A montagem de “The Last Days of Judas Iscariot”, em cartaz no Forum Theater, é prova da maturidade do teatro de linguagem ágil na área do drama bíblico, pois é fácil lembrar o quanto um espetáculo com esse grau de exigência pode incorrer em tendência a pasteurização e a banalidade.
Fui assistir à peça tal como um viajante medieval: sem guias impressos ou informações prévias sobre o destino. Sabia das informações de praxe sobre o escritor, Stephen Adly Gurgis, e do diretor original, Philip Seymour Hoffman, mas nada sobre John Vreeke, diretor dessa montagem. Importava que Adlly Gurgis é um escritor jovem que escreve há muito para o grupo LAByrinth de NY com incursões na tv e no cinema. Em 2004 ganhou uma bolsa do Sundance Screenwriter’s lab e já escreveu episódios do NYPD Blue e Sopranos. Acho que para mim bastava.
Stephen Adly Gurgis teve uma sacada otima. Como se sabe é mais do que sabido que o texto do era baseado na vida de Judas Iscariotes, um dos escolhidos, um dos 12 apóstolos de Jesus Cristo. Na versão de Stephen Adly Gurgis, Judas, remoido pela consciencia por ter vendido Cristo por 30 moedas de prata, comete suicídio. Morto, aguarda julgamento no purgatório que, à guisa de tribunal, conta com um juiz, Judge Littlefield, a advogada de defesa Fabiana Aziza Cunningham, o promotor Yusef Aziza Cunningham e dez jurados de um juri popular. O cenário todo é adaptado num num tribunal. E a obstinada advogada de defesa Fabiana Aziza Cunningham chegas as raias do descontrole emocional na defesa de seu cliente – que só ela e Borges, que não aparece na peça acreditam se tratar Judas de um inocente.
A montagem é limitada, mas funciona. Cinco jurados sentados frente a frente; o juiz e os dois advogados; Judas no centro do palco; e as aparições eventuais de Satanás. Todos os atores (jurados) trocam papeis o tempo todo. Por exemplo, o personagem de Freud, passa a ser São Tomás, e um soldado romano; Santa Monica – interpretada pela excelente Veronica del Cerro – passa a ser um soldado; e o Juiz Littlefield inverte os papéis com um dos Caifás presentes no julgamento de Jesus organizado pelo Sinédrio. Os papéis e indumentárias são trocados no palco, assim que os atores atravessam o palco e se sentam na cadeira vaga de um dos jurados. Um jogo interessante que funciona bem para um teatro pequeno e um palco de poucos recursos, onde os jogos de luzes fazem recuar a narrativa em flashback par aa infância e juventude de Judas.

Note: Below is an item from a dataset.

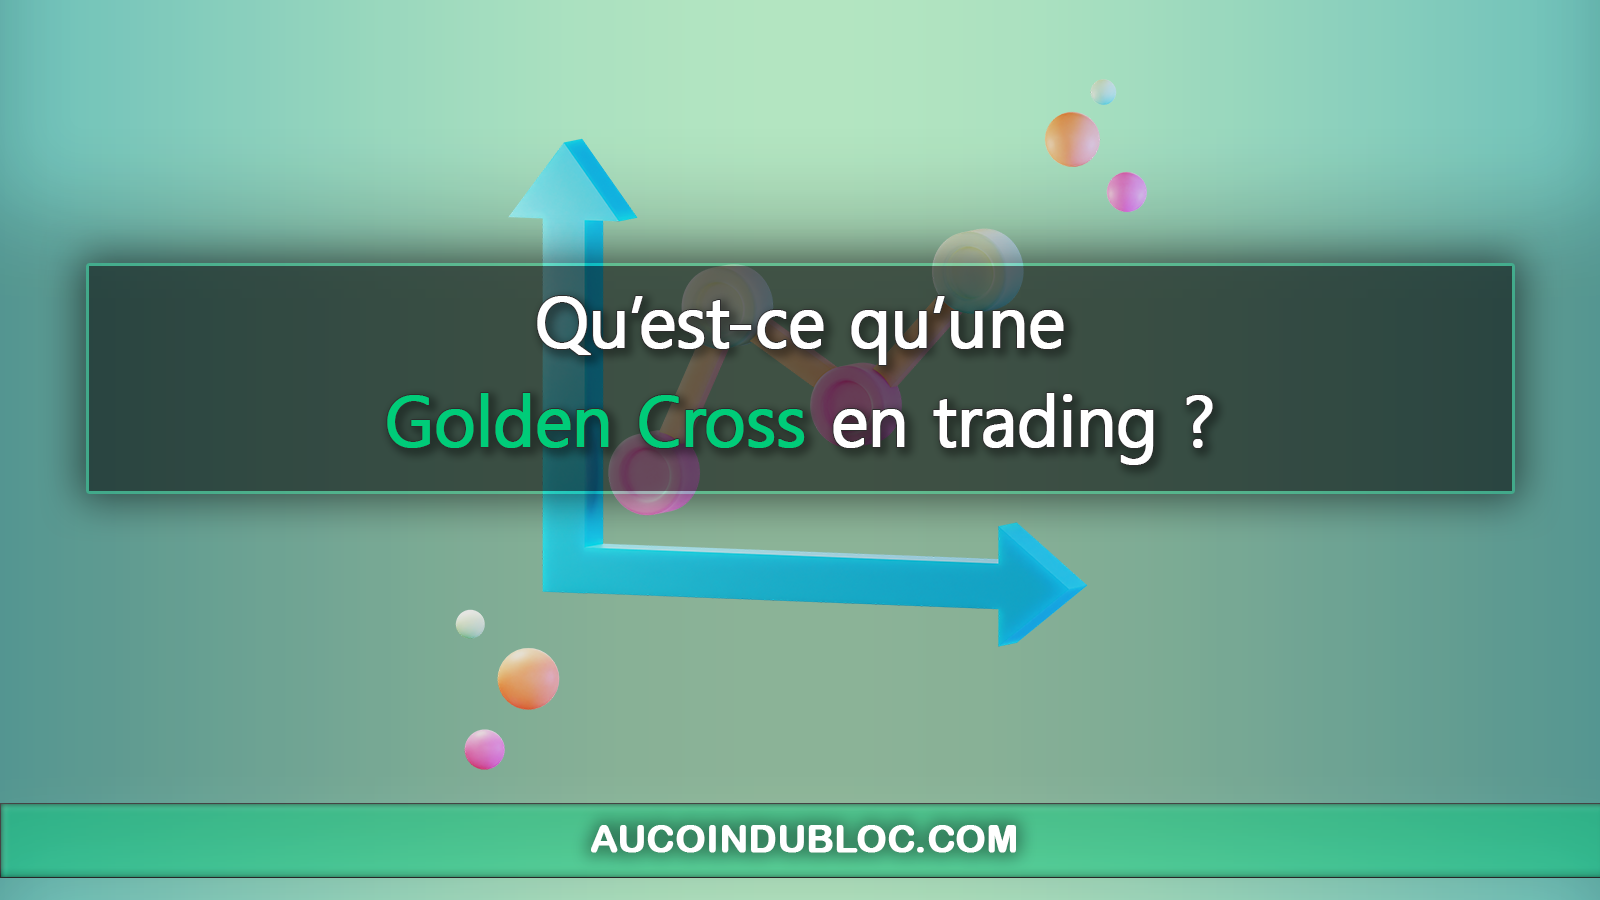 Golden Cross trading

Mas a sacada cênica de Stephen Adly vai além. Consiste em mostrar um cara que, antes de se tornar iníquo e infiel, e de ser malhado pela molecada suburbana em Sábado de Aleluia, fora encarregado das financas da trupe que rodeavam Cristo. Como controlava a grana, passou a adquir poder. Mas Stephen Adly mostra também que os fatos não estavam pre-determinados, apesar da rapazeada do grupo já desconfiar dele, Judas, desde a fraqueza demonstrada na cena da unção com óleo perfumado em Betânia, onde o cara provara que estava mais apegado ao dinheiro que os sectos lançavam que às palavras de Cristo, propiamente ditas.

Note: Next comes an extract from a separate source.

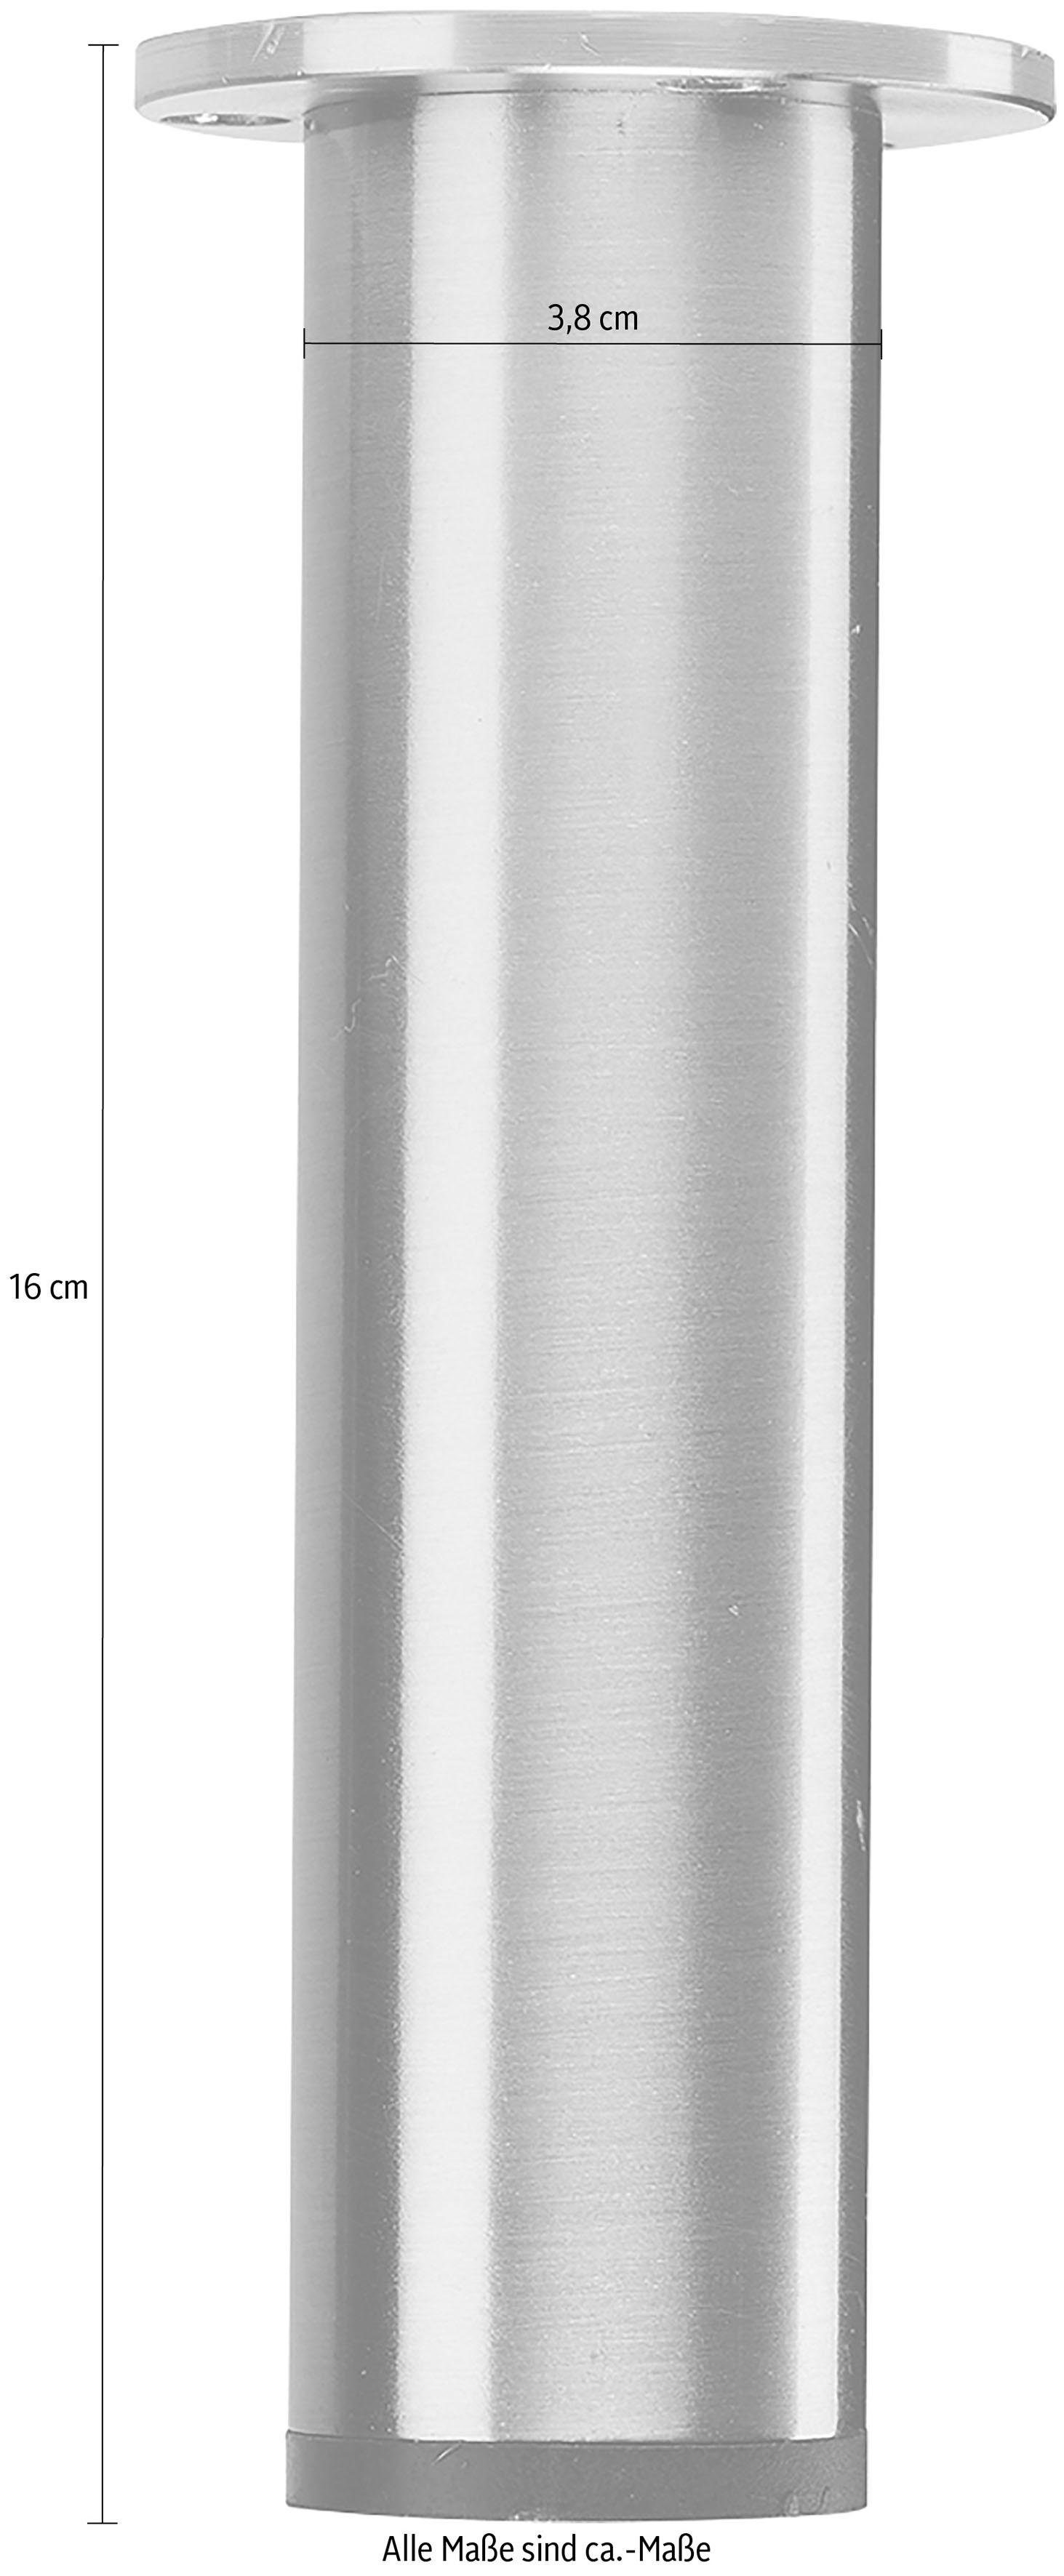 Designmöbel Hammel anpassungsbar rund Beine für Furniture gebürsteter Möbelfuß Stahl, Höhe: Mistral, Stützfuß, Mistral, 16 cm,

A experiência não é catártica como no conto de Borges Tres versiones de Judas, onde uma das versões dá conta que Judas é o verdadeiro salvador da humanidade – por ter tornado Cristo o traído, já que aquele também renunciara à glória, à honra, à paz e ao reino dos céus. Stephen Adly Gurgis recua. Torna o final, um final banal, com Judas encontrando um personagem secundário num bar, o alcoólatra Butch Honeywell, que se lamenta por ter deixado sua vida familiar escapar-lhe pelas mãos ao trair sua mulher e suas filhas, e consequentemente ter se entregue à birita. Ou seja, uma liçãozinha de moral básica sobre a prescindibilidade dos julgamentos: sejam eles grandiosos como o daqueles que julgaram Judas, ou elementares como aqueles que julgam o infeliz do Honeywell. Mas de tudo, o final é o que menos importa.